I work at this company with a huge database and they're saying it can't do, it cannot handle this.
So there's very much still a limit at which this stuff is just not effective.
But in this, you know, they're like these, I think growing tiers at which people are like, whoa, this stuff is 100%.
So here I think is another, it gets a little higher level, but what are some downsides of people continuing to use these tools in the ways that we're talking about?
The first is a concept called de-skilling.
So we've essentially alluded to this, but the idea is that if you offload your critical thinking to an AI, your skills actually degrade.
So I found a paper, AI-induced de-skilling in medicine.
And there's a whole bunch of evidence that doctors who use AI to do decision-making in a medical environment
actively lose the ability to make those same tasks without AI.

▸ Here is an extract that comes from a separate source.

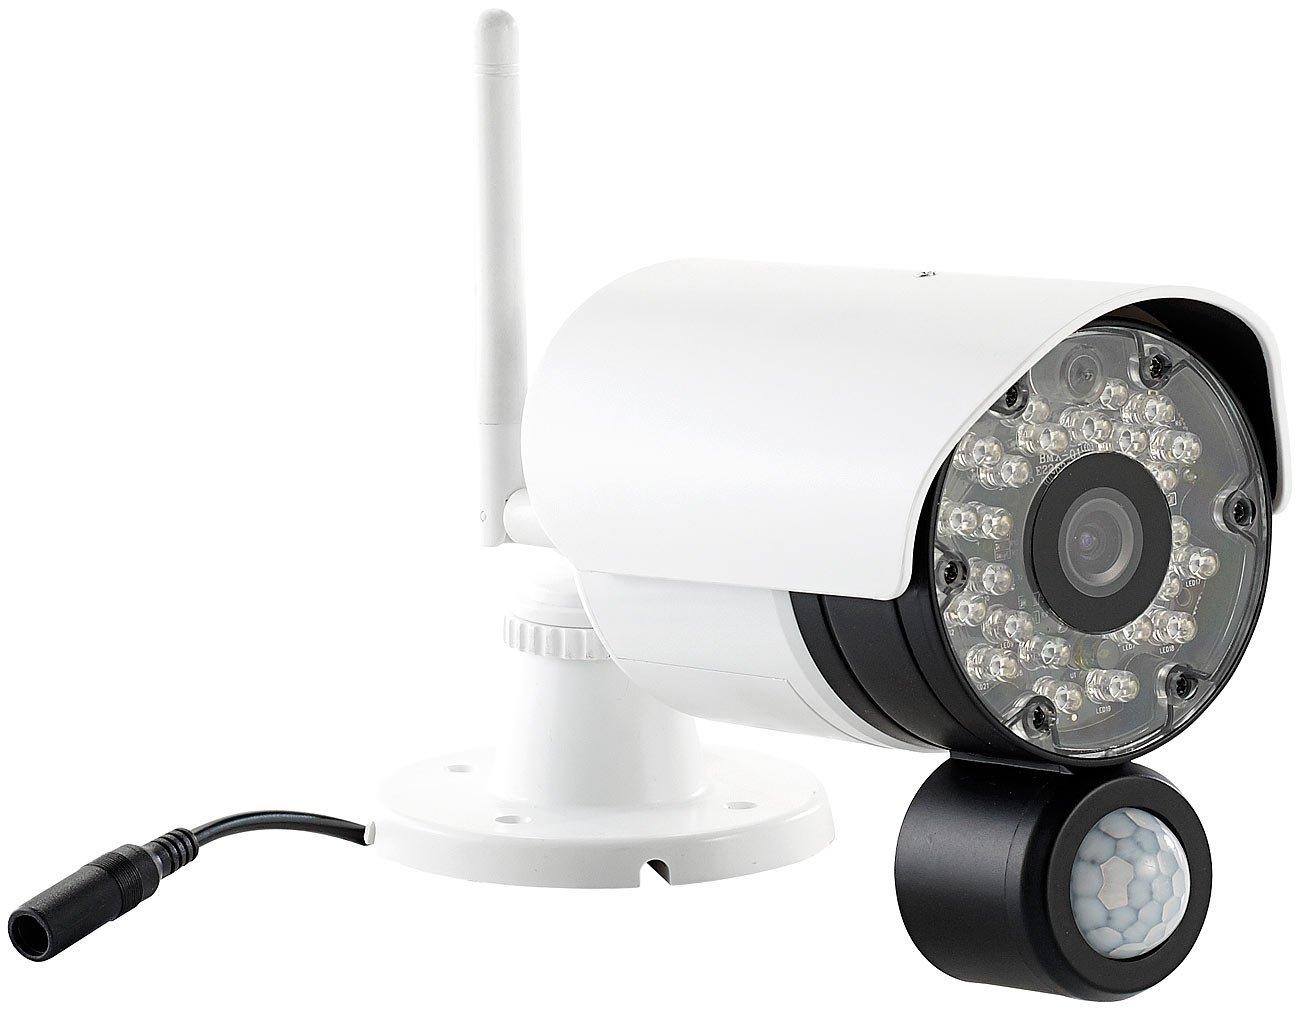 VisorTech PX-3747-944 DSC-720 - Cámara de vigilancia (con sensor pasivo de infrarrojos PIR) (importado)

Quote, automation gradually erodes human expertise.
Critical processes become increasingly vulnerable as reliance on AI becomes entrenched and the necessary skills to operate without it are forgotten.
There's another study that looked at doctors who do colonoscopies in Poland, tested three months of them just like digging in there for answers without AI.
And then used AI assistance for three months.
Think of the Polish colonoscopy doctors in America.
So, okay, the doctors doing this after three months of AI usage, their ability to detect this without AI dropped 6%.
They just became measurably, concretely, substantially worse at their job without AI after they'd used it for a period.